Preprocesses the input text by stripping whitespace.

#### `_default_postprocess_function`

```python
def _default_postprocess_function(self, results: List[Dict[str, Any]]) -> List[Dict[str, Any]]
```

Postprocesses the query results.

#### `add`

Adds a document to the Pinecone index.

| Parameter | Type                  | Default | Description                                   |
|-----------|-----------------------|---------|-----------------------------------------------|
| `doc`     | `str`                 | -       | The document to be added.                     |
| `metadata`| `Optional[Dict[str, Any]]` | `None`  | Additional metadata for the document.         |

#### `query`

Queries the Pinecone index for similar documents.

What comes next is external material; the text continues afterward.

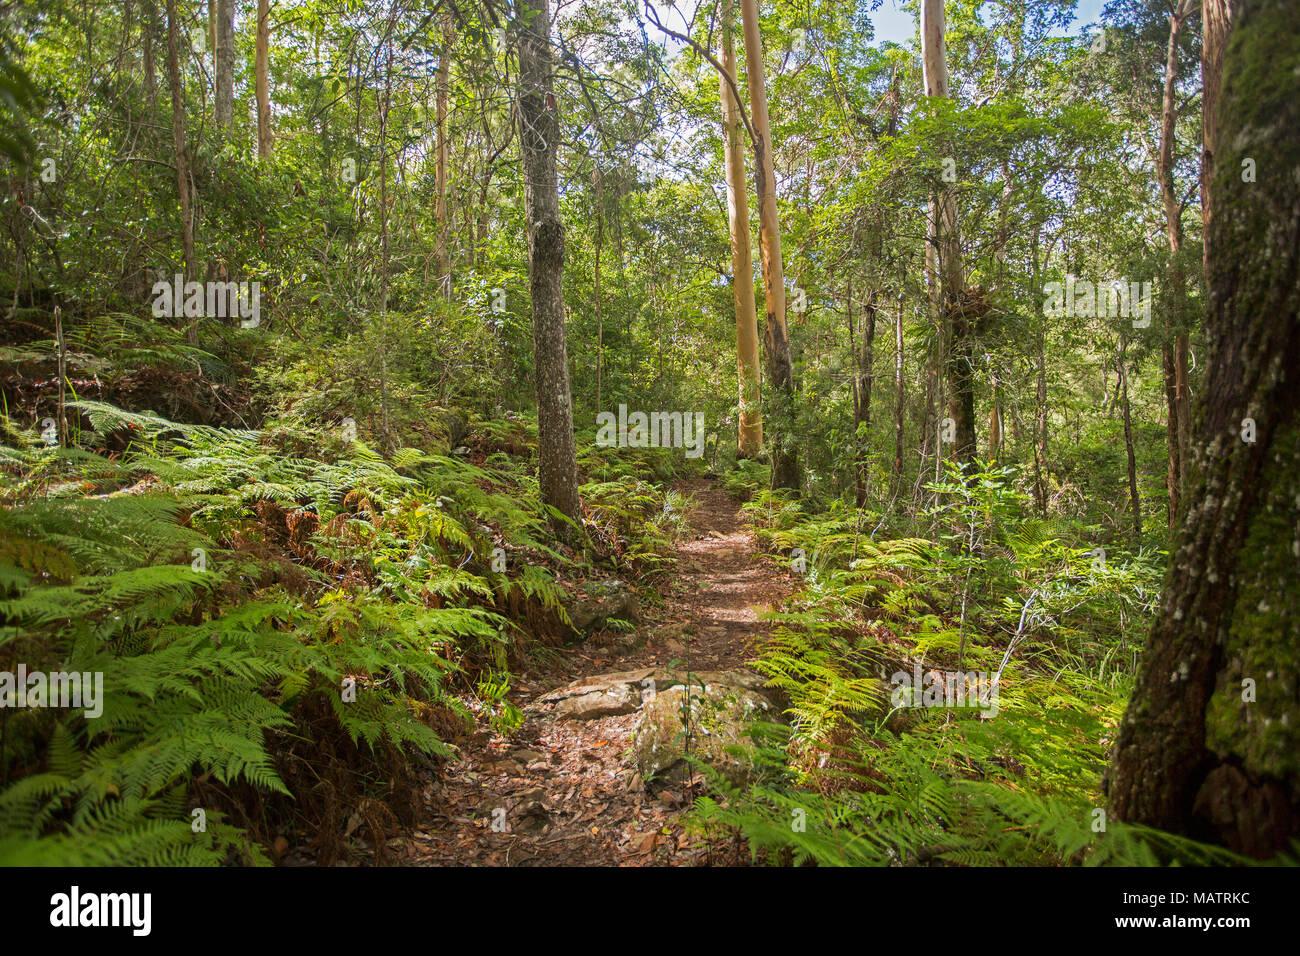 Esmeralda densos bosques de helechos y bracken roto por un estrecho sendero en el Parque Nacional de rangos Conondale Queensland Australia Imagen De Stock

| Parameter | Type                    | Default | Description                                   |
|-----------|-------------------------|---------|-----------------------------------------------|
| `query`   | `str`                   | -       | The query string.                             |
| `top_k`   | `int`                   | `5`     | The number of top results to return.          |
| `filter`  | `Optional[Dict[str, Any]]` | `None`  | Metadata filter for the query.                |

## Usage


The `PineconeMemory` class is initialized with the necessary parameters to configure Pinecone and the embedding model. It supports a variety of custom configurations to suit different needs.

#### Example

```python
from swarms_memory import PineconeMemory

# Initialize PineconeMemory
memory = PineconeMemory(
    api_key="your-api-key",
    environment="us-west1-gcp",
    index_name="example-index",
    dimension=768
)
```

### Adding Documents

Documents can be added to the Pinecone index using the `add` method. The method accepts a document string and optional metadata.

#### Example

```python
doc = "This is a sample document to be added to the Pinecone index."
metadata = {"author": "John Doe", "date": "2024-07-08"}

memory.add(doc, metadata)
```

### Querying Documents

The `query` method allows for querying the Pinecone index for similar documents based on a query string. It returns the top `k` most similar documents.

#### Example

```python
query = "Sample query to find similar documents."
results = memory.query(query, top_k=5)

for result in results:
    print(result)
```

## Additional Information and Tips

### Custom Embedding and Preprocessing Functions

Custom embedding and preprocessing functions can be provided during initialization to tailor the document processing to specific requirements.

#### Example

```python
def custom_embedding_function(text: str) -> List[float]:
    # Custom embedding logic
    return [0.1, 0.2, 0.3]

def custom_preprocess_function(text: str) -> str:
    # Custom preprocessing logic
    return text.lower()

memory = PineconeMemory(
    api_key="your-api-key",
    environment="us-west1-gcp",
    index_name="example-index",
    embedding_function=custom_embedding_function,
    preprocess_function=custom_preprocess_function
)
```

### Logger Configuration

The logger can be configured to suit different logging needs. The default configuration logs to a file and the console.

#### Example

```python
logger_config = {
    "handlers": [
        {"sink": "custom_log.log", "rotation": "1 MB"},
        {"sink": lambda msg: print(msg, end="")},
    ]
}

memory = PineconeMemory(
    api_key="your-api-key",
    environment="us-west1-gcp",
    index_name="example-index",
    logger_config=logger_config
)
```

## References and Resources

- [Pinecone Documentation](https://docs.pinecone.io/)
- [SentenceTransformers Documentation](https://www.sbert.net/)
- [Loguru Documentation](https://loguru.readthedocs.io/en/stable/)

For further exploration and examples, refer to the official documentation and resources provided by Pinecone, SentenceTransformers, and Loguru.

This concludes the detailed documentation for the `PineconeMemory` class. The class offers a flexible and powerful interface for leveraging Pinecone's capabilities in retrieval-augmented generation systems. By supporting custom embeddings, preprocessing, and postprocessing functions, it can be tailored to a wide range of applications.